Waveform quality control. The right radial artery was used for catheter access. Fluoroscopy
was used to confirm the catheter position at each arterial site and the catheter was flushed
before all waveform recordings. Stable pressure waveforms were recorded for a minimum of
20 seconds at each arterial site to reduce the influence of respiratory variation. Waveforms
were recorded via analogue-to-digital signal converter at a frequency of 1000 Hz (LabChart 7,
AD Instruments, Bella Vista, Australia). The dynamic response of the fluid-filled catheter
system was assessed by performing ‘pop-tests’ and confirmed in the appropriate range outlined
by Gardner1 (natural frequency >18 Hz and the damping coefficient >0.3).
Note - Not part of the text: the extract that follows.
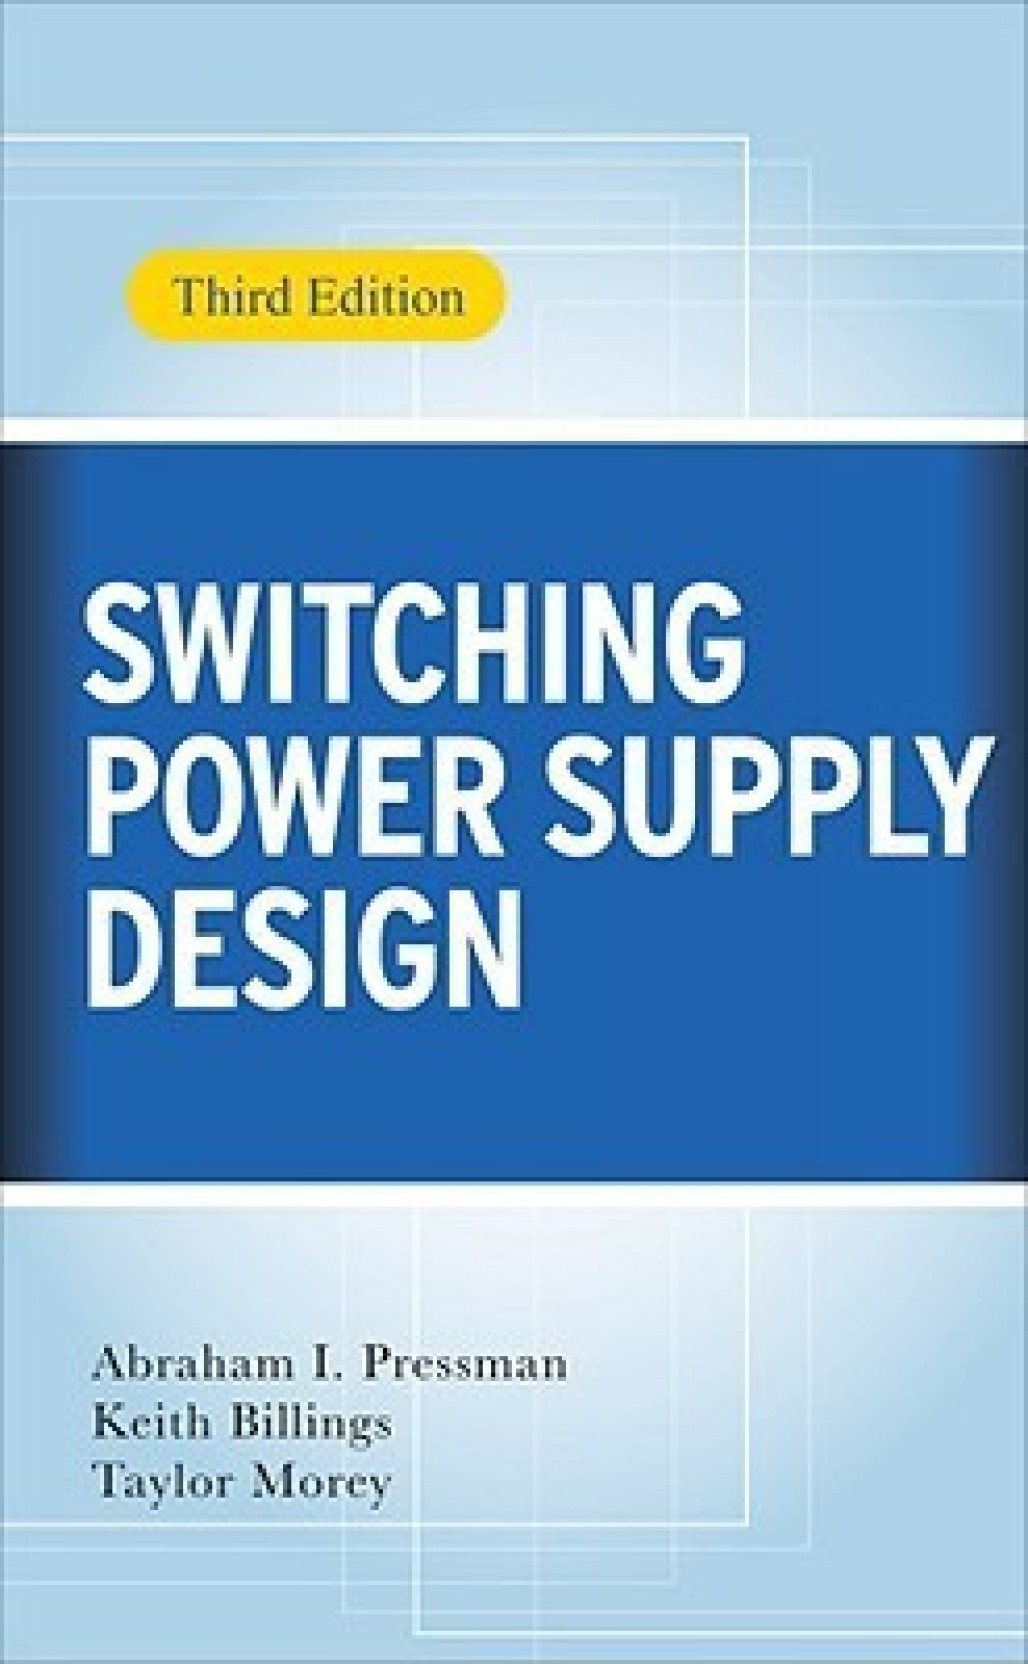 Switching Power Supply Design - Buy Switching Power Supply Design ...

Details of cuff BP devices. Standard cuff BP was measured using three different device models
and four different individual devices (independently validated or Food and Drug Authority
cleared) at four different time points: First, during the angiography pre-assessment visit,
typically the day prior to the angiogram, a single seated BP was measured by a nurse
(WelchAllyn Spot Vital Signs (5200-103Z), Skaneateles Falls, NY, USA).2 Second, prior to
the catheterization, whilst in the waiting room, cuff BP was measured simultaneously on both
arms, using two identical devices (UA767, A&D Medical, Tokyo, Japan), with participants
either supine or seated.3, 4 Third, before commencing the coronary angiogram, duplicate cuff
BP measurements were taken whilst the participant was supine in the catheterization laboratory
(SphgymoCor Xcel, AtCor Medical, West Ryde, Australia). Fourth, after the clinical
procedure, cuff BP was measured once simultaneous with intra-arterial brachial BP
(SphygmoCor Xcel). For all cuff measurements, participants were asked to remain still and
quiet throughout the recordings.
Independent confirmation study measurement methods. All studies performed aortic and
brachial intra-arterial measurements sequentially, except Lin et al6, which used a dual sensor
2
catheter to perform simultaneous measurements. Two of the confirmation studies used Omron
HEM 9000AI cuff devices, Pucci et al, unpublished and Ding et al, 20137, whilst the other
studies used VP-2000 (Colin Corporation, Komaki, Japan)8 and WatchBP Office (Microlife,
Widnau, Switzerland)6 devices. These devices have all been validated according to
international guidelines or FDA cleared for brachial BP measurement.5, 9 In all studies, cuff BP
was measured on the arm contralateral to the intra-arterial BP measures. Full methods for the
published studies are available.6-8
3
Expanded Results
Aortic and radial augmentation index increased stepwise across the four BP phenotypes (Table
2 of the manuscript). The following additional analysis was performed to examine whether
radial augmentation index provided information distinct from the BP phenotypes, or whether
it could be used as a non-invasive method to discriminate BP phenotypes:
1. The relationship between aortic and radial augmentation index was strong (albeit not
perfect) when assessed across all subjects (r=0.71, p<0.0001). However, the
relationships varied substantially between the 4 phenotypes (phenotype 1, r=0.61,
p=0.0002; phenotype 2, r=0.81, p<0.0001; phenotype 3, r=0.41, p=0.038; phenotype 4,
r=0.62, p=0.0013). Thus, considerable variation in aortic augmentation index cannot be
explained by radial augmentation index.
2. Cuff BP was significantly increasing, or trending towards increasing, across quartiles
of radial augmentation index (Table S2 below), which was in contrast to the 4
phenotypes where there were no differences in cuff BP (nor any trends), no matter how
or when it was measured (p>0.2 all, Table 3 of the manuscript).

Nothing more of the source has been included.